Nesses parâmetros, passa-se a decidir da unicamente colocada questão de pretendida suspensão de execução da pena única de prisão.
Pois bem, cabe frisar que o facto de as duas penas parcelares de prisão, que entraram na feitura do cúmulo jurídico em causa, terem sido inicialmente aplicadas ao recorrente nos respectivos autos com idêntica concessão do benefício de suspensão da pena não vincula necessariamente o Tribunal Colectivo autor do acórdão ora recorrido em sede da devida ponderação do critério material exigido no art.o 48.o, n.o 1, do CP para efeitos de concessão, ou não, da suspensão de execução da pena única.

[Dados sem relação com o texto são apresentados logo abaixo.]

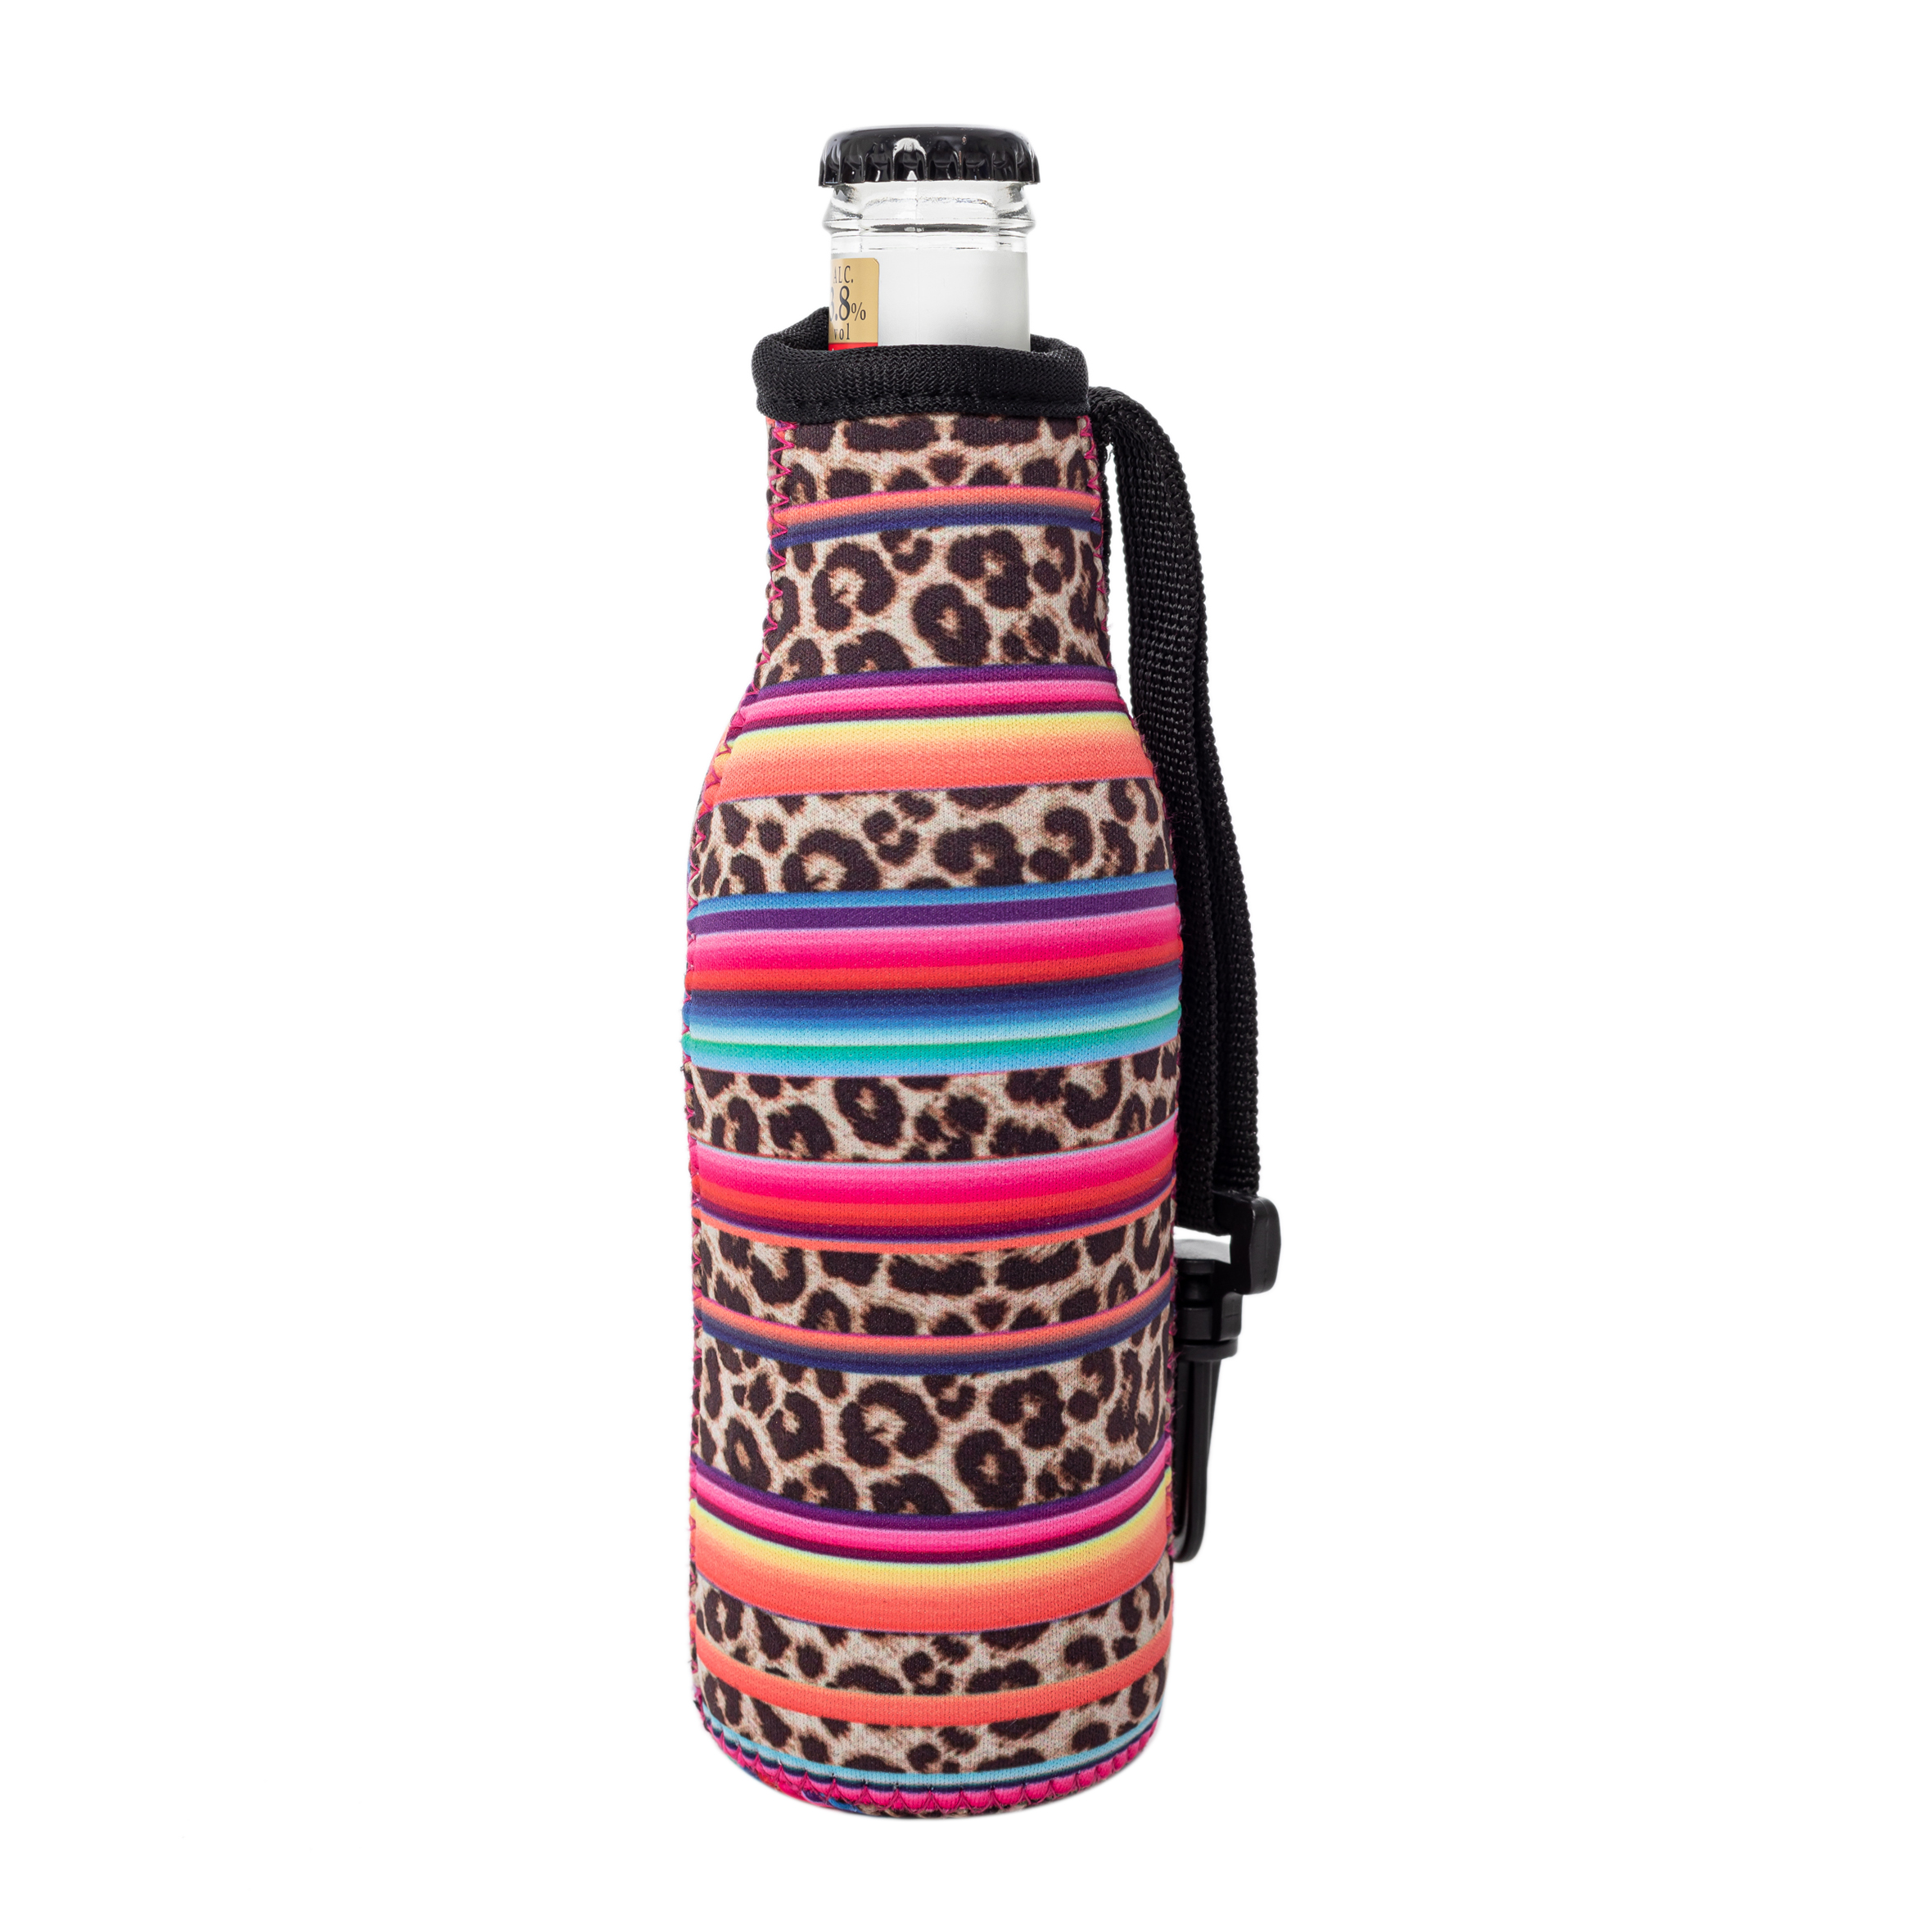 The Perfect Float Trip  12oz Long Neck Zipper Neoprene Bottle Coolie with Built-in Hand Sanitizer Holder - Serape Print - CLOSEOUT

Isto porque: para já, e a montante, é o próprio art.o 71.o, n.o 1, parte final, do CP que impõe a consideração, em conjunto, dos factos e da personalidade do agente, aquando da determinação da pena única na feitura do cúmulo jurídico; e depois, encontrada concretamente assim, pelo Tribunal ora recorrido, a pena única de dois anos e onze meses de prisão, coube-lhe ponderar sobre a verificação do critério material vertido no art.o 48.o, n.o 1, do CP em matéria relativa à suspensão de execução da pena, sendo certo que para este efeito, o mesmo Tribunal não podia deixar de considerar, também em conjunto, e inclusivamente, as circunstâncias da prática dos dois crimes em questão pelo arguido, e a sua personalidade nomeadamente posterior à prática dos mesmos crimes.

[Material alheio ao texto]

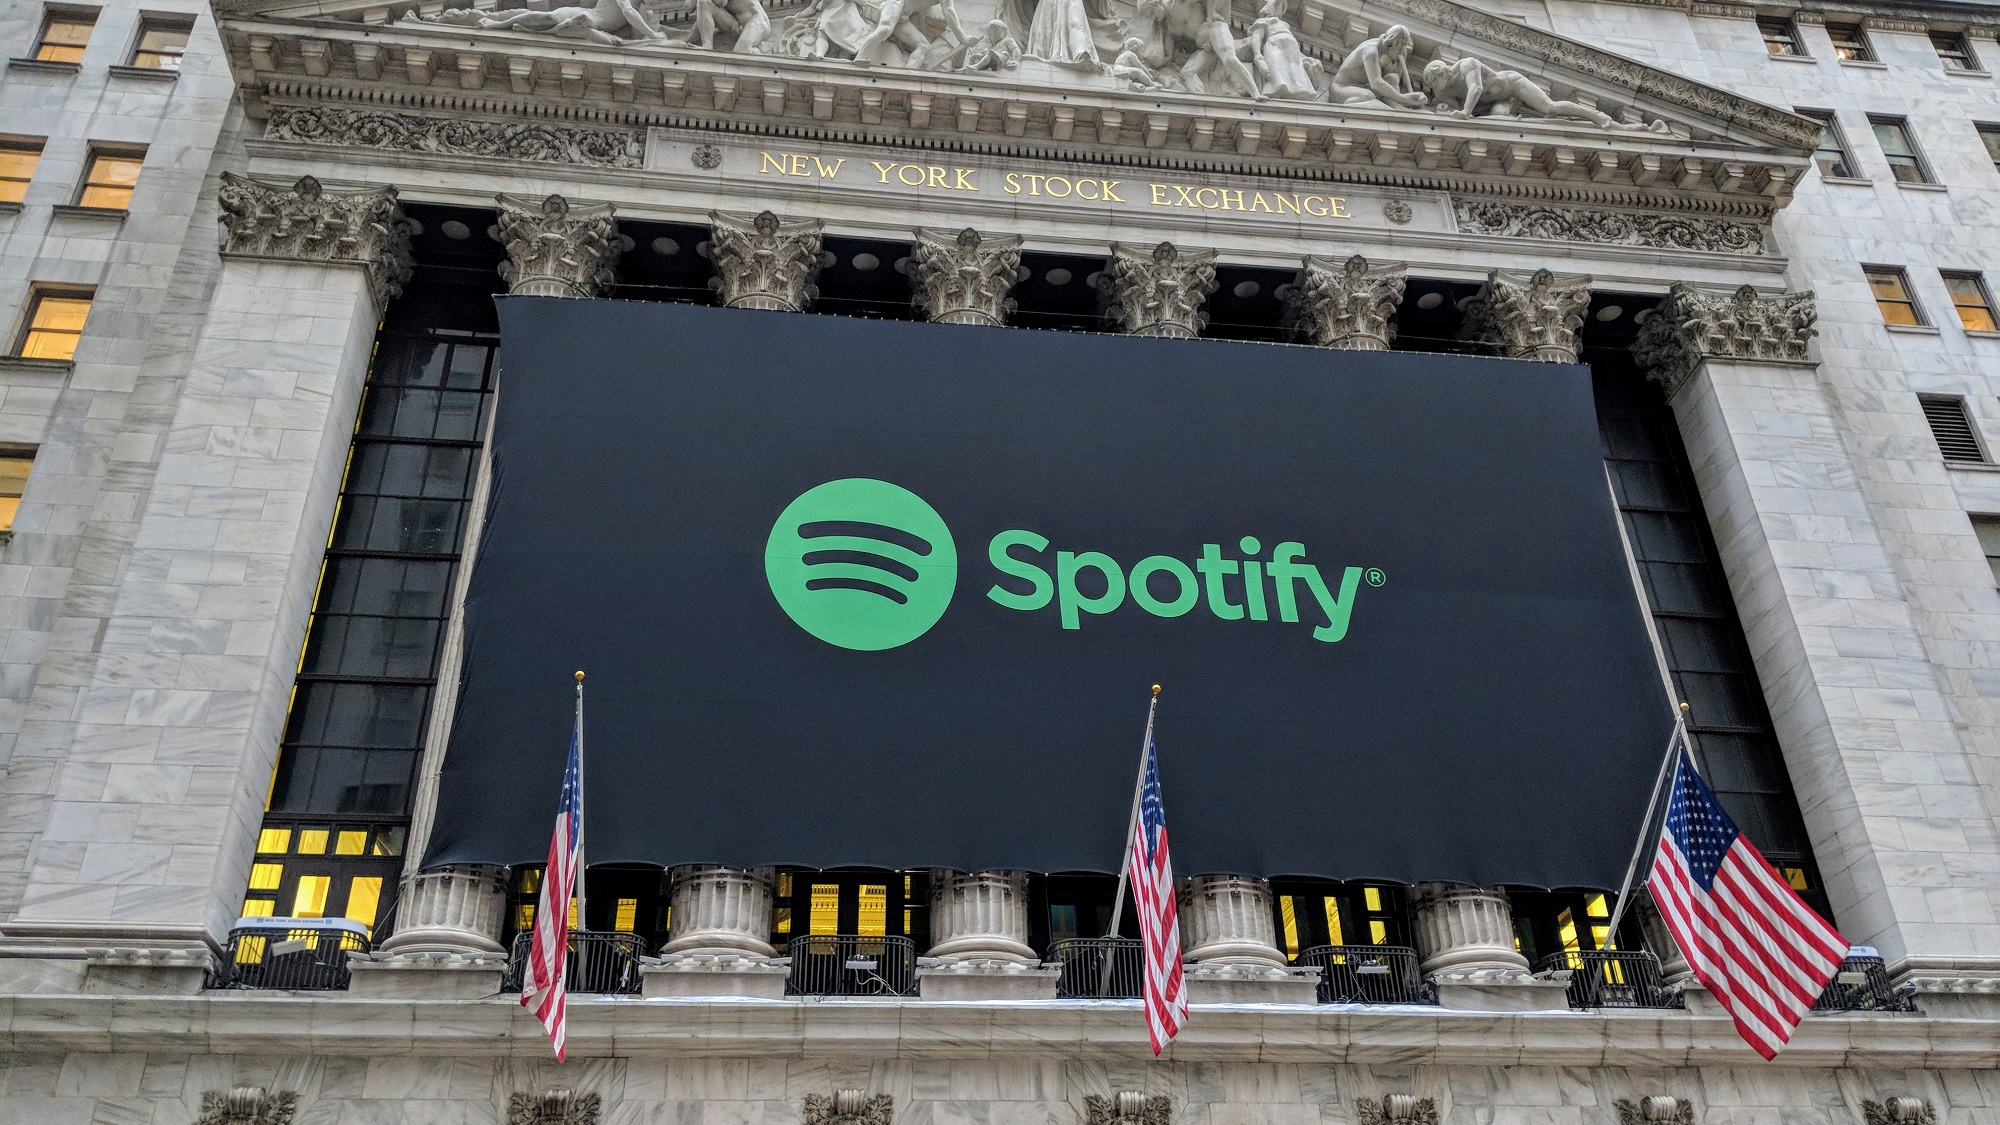 Spotify banner at the New York Stock Exchange.

Nesse enquadramento jurídico das coisas, e ante os dados já acima coligidos do exame dos autos (e referidos na parte II do presente aresto de recurso), não é de censurar o juízo de valor formulado pelo Tribunal recorrido no seu acórdão de feitura de cúmulo jurídico na parte respeitante à decidida não suspensão de execução da pena única de prisão.
De facto, a personalidade exibida pelo próprio recorrente na audiência realizada antes da tomada de decisão de cúmulo jurídico das penas, através da sua postura de não admissão franca da prática dos factos relativos aos dois crimes em questão, já acarreta um factor negativo à formação de um juízo de prognose favorável à suspensão de execução da sua pena única, pelo que sem mais indagação por ociosa, naufraga a pretensão do recorrente de suspensão de execução da pena única.
IV – DECISÃO
Dest’arte, acordam em julgar improcedente o recurso.
Custas do recurso pelo arguido, com cinco UC de taxa de justiça, e ainda com quatro mil patacas de honorários a favor do seu Ex.mo Defensor Oficioso, honorários esses a adiantar pelo Gabinete do Presidente do Tribunal de Última Instância.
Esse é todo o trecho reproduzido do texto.